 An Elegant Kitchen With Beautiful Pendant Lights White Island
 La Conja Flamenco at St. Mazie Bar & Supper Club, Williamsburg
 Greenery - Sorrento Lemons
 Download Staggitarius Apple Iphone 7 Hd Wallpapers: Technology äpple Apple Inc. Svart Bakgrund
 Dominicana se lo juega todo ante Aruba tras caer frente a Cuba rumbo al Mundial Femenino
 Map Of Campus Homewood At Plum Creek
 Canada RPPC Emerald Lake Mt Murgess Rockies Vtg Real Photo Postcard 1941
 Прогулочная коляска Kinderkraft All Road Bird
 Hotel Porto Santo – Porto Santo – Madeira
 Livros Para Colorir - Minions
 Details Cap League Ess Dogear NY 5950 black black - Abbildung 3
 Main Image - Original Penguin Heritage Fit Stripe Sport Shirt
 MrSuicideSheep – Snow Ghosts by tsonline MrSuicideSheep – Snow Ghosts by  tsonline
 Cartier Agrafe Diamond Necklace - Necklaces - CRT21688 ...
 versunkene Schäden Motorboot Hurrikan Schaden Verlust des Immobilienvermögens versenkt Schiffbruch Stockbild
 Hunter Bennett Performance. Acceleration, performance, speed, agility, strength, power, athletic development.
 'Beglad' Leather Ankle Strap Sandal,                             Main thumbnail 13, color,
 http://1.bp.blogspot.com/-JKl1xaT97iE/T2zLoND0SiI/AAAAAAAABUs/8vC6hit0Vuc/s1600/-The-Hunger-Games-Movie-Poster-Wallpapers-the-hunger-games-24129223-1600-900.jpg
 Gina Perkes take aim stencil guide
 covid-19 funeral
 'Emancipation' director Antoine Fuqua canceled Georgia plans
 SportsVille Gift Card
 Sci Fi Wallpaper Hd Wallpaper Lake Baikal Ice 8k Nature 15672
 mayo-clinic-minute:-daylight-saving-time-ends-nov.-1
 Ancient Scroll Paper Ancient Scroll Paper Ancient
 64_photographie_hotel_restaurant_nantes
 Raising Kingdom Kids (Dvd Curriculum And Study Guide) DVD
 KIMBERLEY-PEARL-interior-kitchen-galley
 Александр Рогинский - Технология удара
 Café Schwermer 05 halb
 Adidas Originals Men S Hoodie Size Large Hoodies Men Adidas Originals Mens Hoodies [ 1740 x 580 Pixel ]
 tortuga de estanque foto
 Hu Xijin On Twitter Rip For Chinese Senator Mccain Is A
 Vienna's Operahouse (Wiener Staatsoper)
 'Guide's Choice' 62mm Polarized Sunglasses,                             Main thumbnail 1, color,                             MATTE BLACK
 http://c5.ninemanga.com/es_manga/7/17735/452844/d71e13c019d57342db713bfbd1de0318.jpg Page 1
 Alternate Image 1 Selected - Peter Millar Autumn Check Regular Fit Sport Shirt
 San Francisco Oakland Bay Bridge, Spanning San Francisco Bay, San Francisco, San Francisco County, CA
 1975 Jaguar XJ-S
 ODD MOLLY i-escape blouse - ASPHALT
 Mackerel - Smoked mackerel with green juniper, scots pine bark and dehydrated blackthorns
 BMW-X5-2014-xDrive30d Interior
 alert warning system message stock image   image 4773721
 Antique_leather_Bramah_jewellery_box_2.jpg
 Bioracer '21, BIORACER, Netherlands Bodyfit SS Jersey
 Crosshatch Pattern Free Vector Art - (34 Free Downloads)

==========

• Task statement: Count the lines in the entries above where the string "Shirt" shows up, and give that number only.

• Written answer: 2